I feel so annoyed with myself, I felt awful asking for money back because I knew I'd cancelled before but looking back through my diary has genuinely shocked me. I didn't realise she'd moved us around SO much. Often it was consecutive as well, as in, she'd cancel, offer to come the next day, then cancel again!

OP posts:
HollowTalk · 20/01/2020 16:56

She's not a friend. A friend wouldn't treat you like this. You are using money for your disabled children to get your house cleaned and she has kept the money and hasn't cleaned your house. She has let you down so many times.

I would send her a text saying you would like the money back and you won't be going ahead with cleaning. I think I'd say in the text that it's your children's DLA and she needs to return it.

In future I wouldn't pay until the job's done - I know you meant well but it really has backfired and I can see it happening again with other people, too.

OnTheEdgeOfTheNight · 20/01/2020 17:11

You said you paid by PayPal - was this friend and family or goods and services?

If friends and family, report her to Paypal for avoiding fees and ask if they can help.

If goods and services, ask PayPal for a refund.

Otherwise do the small claims court. She has been fleecing you with her charges, you really should get the full amount back.

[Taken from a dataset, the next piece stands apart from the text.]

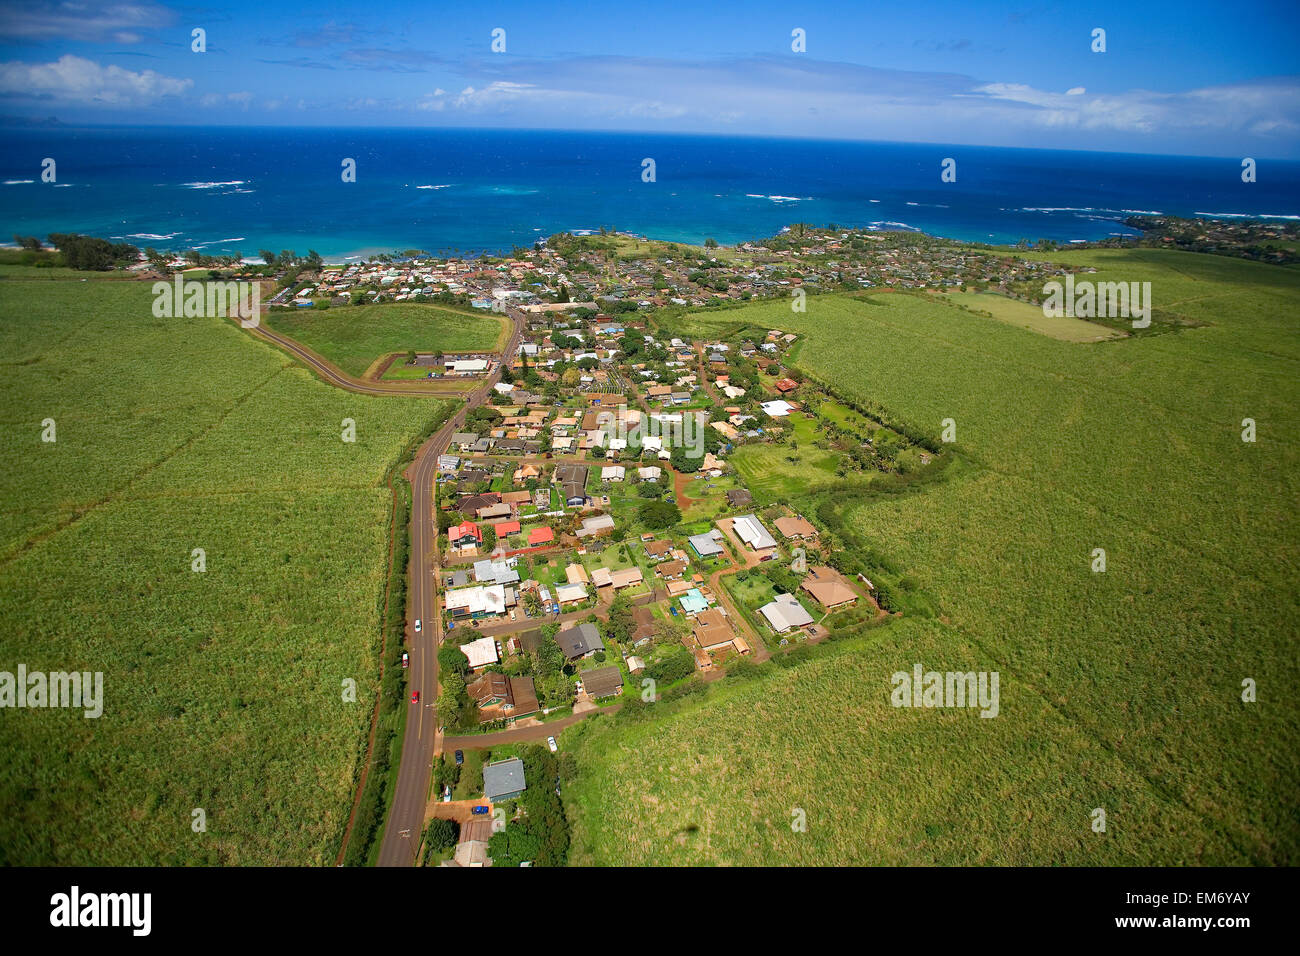 USA, Hawaii, Maui, Aerial view of old plantation town on Maui's north coast of Pacific Ocean; Paia Stock Photo
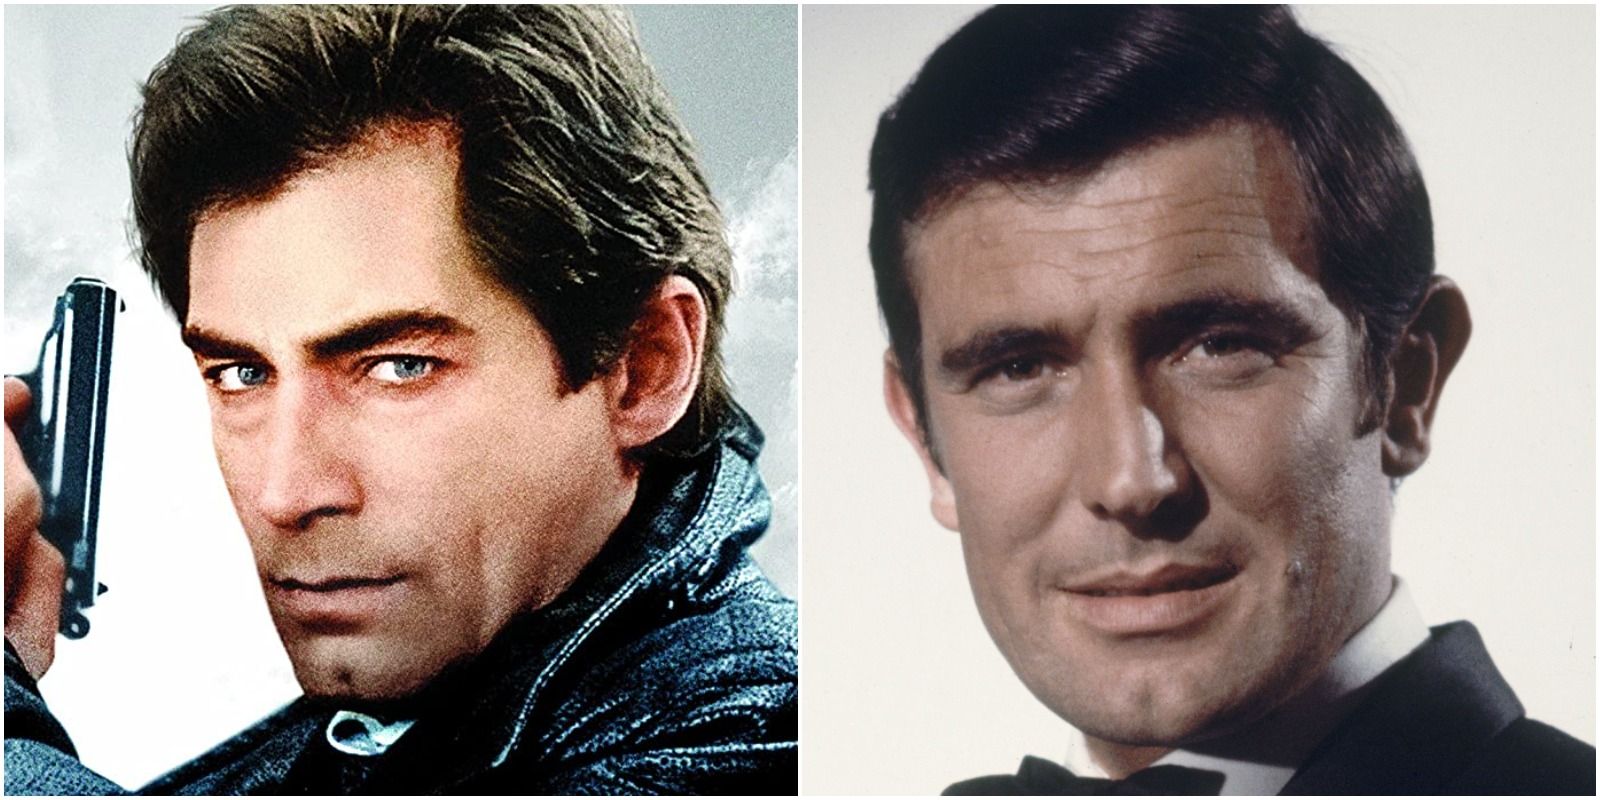 5 Reasons Why Timothy Dalton Is Underrated 5 Reasons Why George Lazenby Is Underrated Featured Image

HereForTheHelp · 20/01/2020 18:42

She wouldn't ever book anyone in if they didn't pay first 😩 she's said she's going to refund me for next weeks clean but she's staying at 50% for the one she let me down on last week (the deep clean)
She said she'll send me a message when she's done the refund but I don't get why it's not instant? I always paid her instantly as she wanted it that way! She said yesterday that she'd refund me and I was waiting all day. It's been 4 hours since she said she'd do it, has she deliberately not given me a timeline? I'm getting so annoyed now

OP posts:
HollowTalk · 20/01/2020 19:28

She doesn't get to decide, though. She has your money and you don't want her to do the cleaning any more.

Can you get your husband to deal with it if you struggle with being firm enough? If I were him I'd mention bad reviews and the small claims court. She's not a friend and it doesn't matter if she never speaks to you again - that would be a great result, actually.